2. **gh api rate limit** — 5000/h authenticated but large scans hit it. Use `--paginate` sparingly. Check `X-RateLimit-Remaining` header.
3. **README doesn't show actual usage** — a repo may list async-openai in Cargo.toml but barely use it. Always check Cargo.toml features and grep source.
4. **Stale dependents** — GitHub's dependency graph is delayed. Some repos may have already switched away. Check Cargo.lock if available.
5. **Issue tone matters enormously** — "I noticed you use X, have you tried Y?" works. "X is slow, switch to Y" does not. See `references/issue-templates.md`.

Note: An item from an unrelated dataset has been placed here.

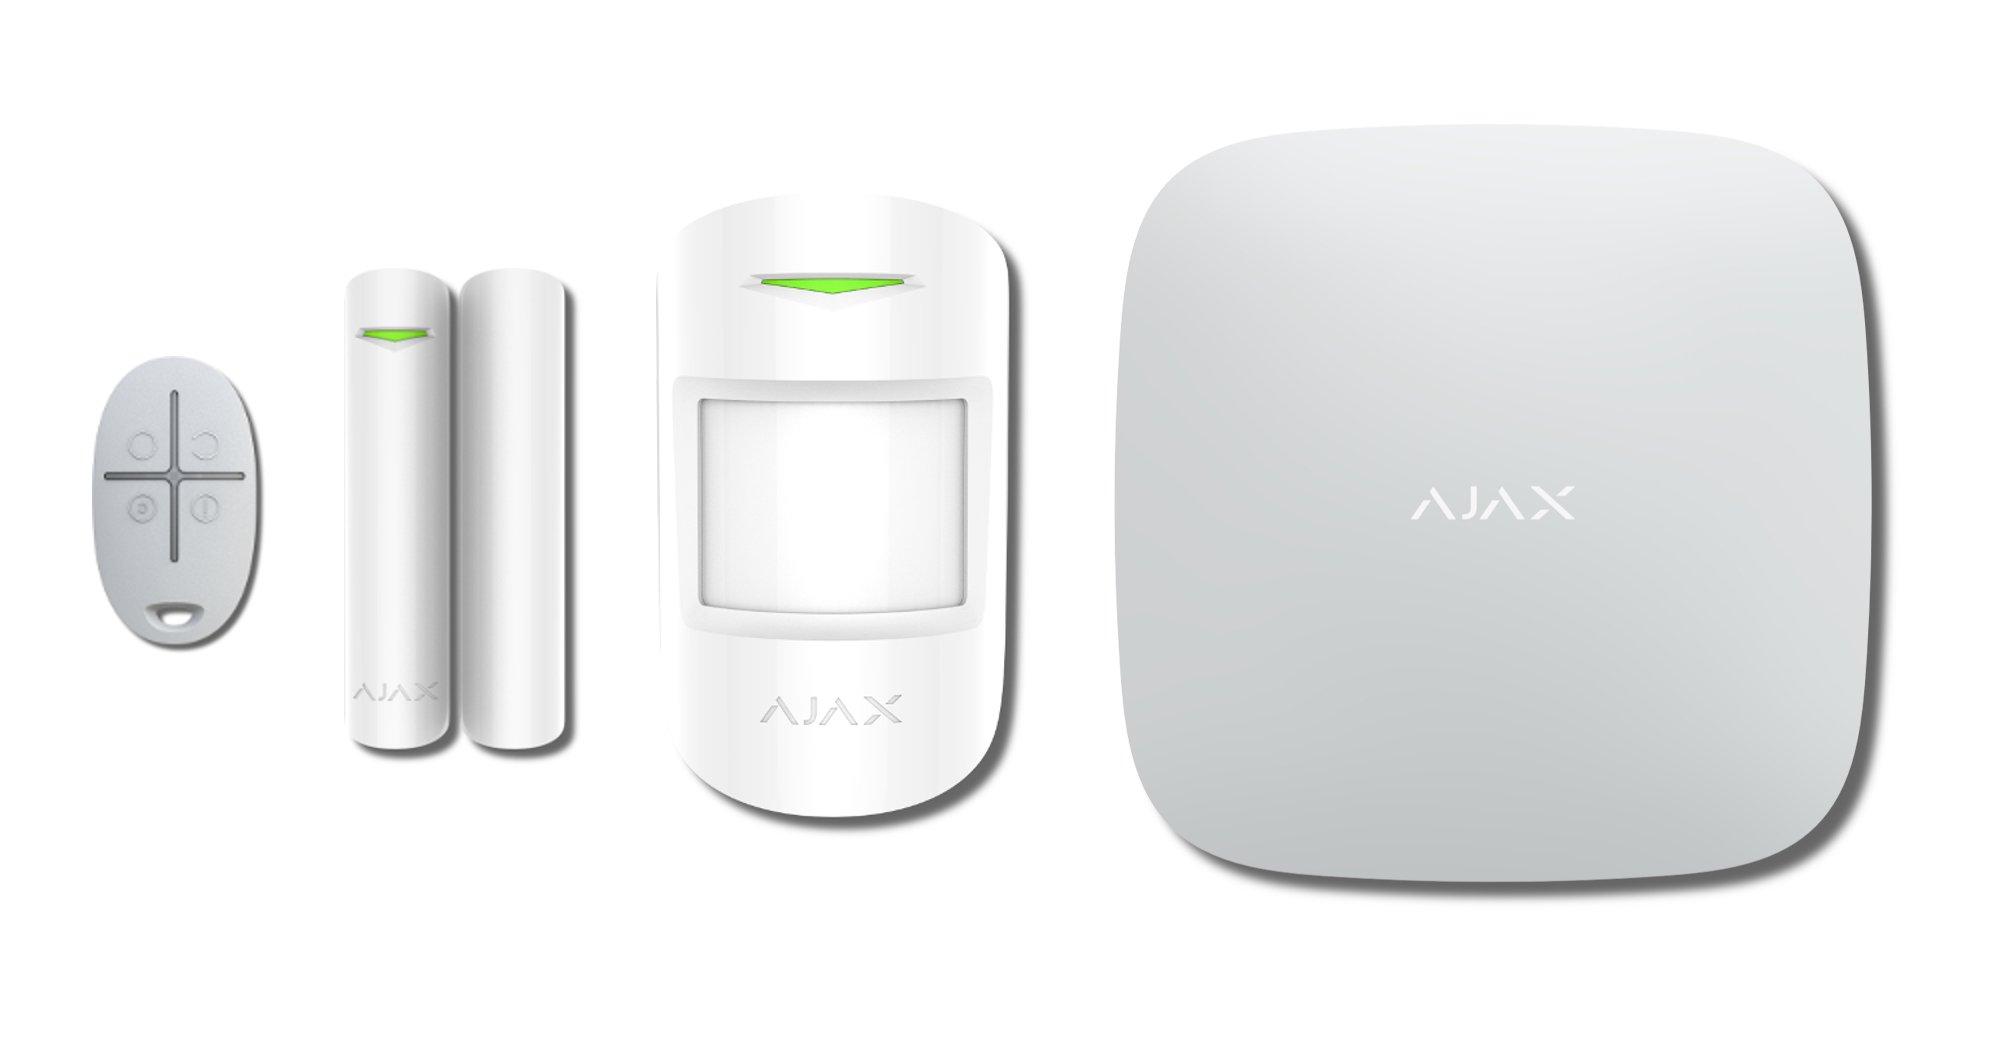 Картинки по запросу Ajax Starter Kit

6. **Competitor forks are the strongest signal** — if a repo uses `git = "..."` instead of crates.io, they forked the competitor because it's missing something. Check the fork diff (usually 1-3 commits). If they added a feature we already have, that's our #1 pitch — "drop your fork, we have it built-in." Example: fastrepl/char forked async-openai to add schemars → our `structured` feature does exactly that.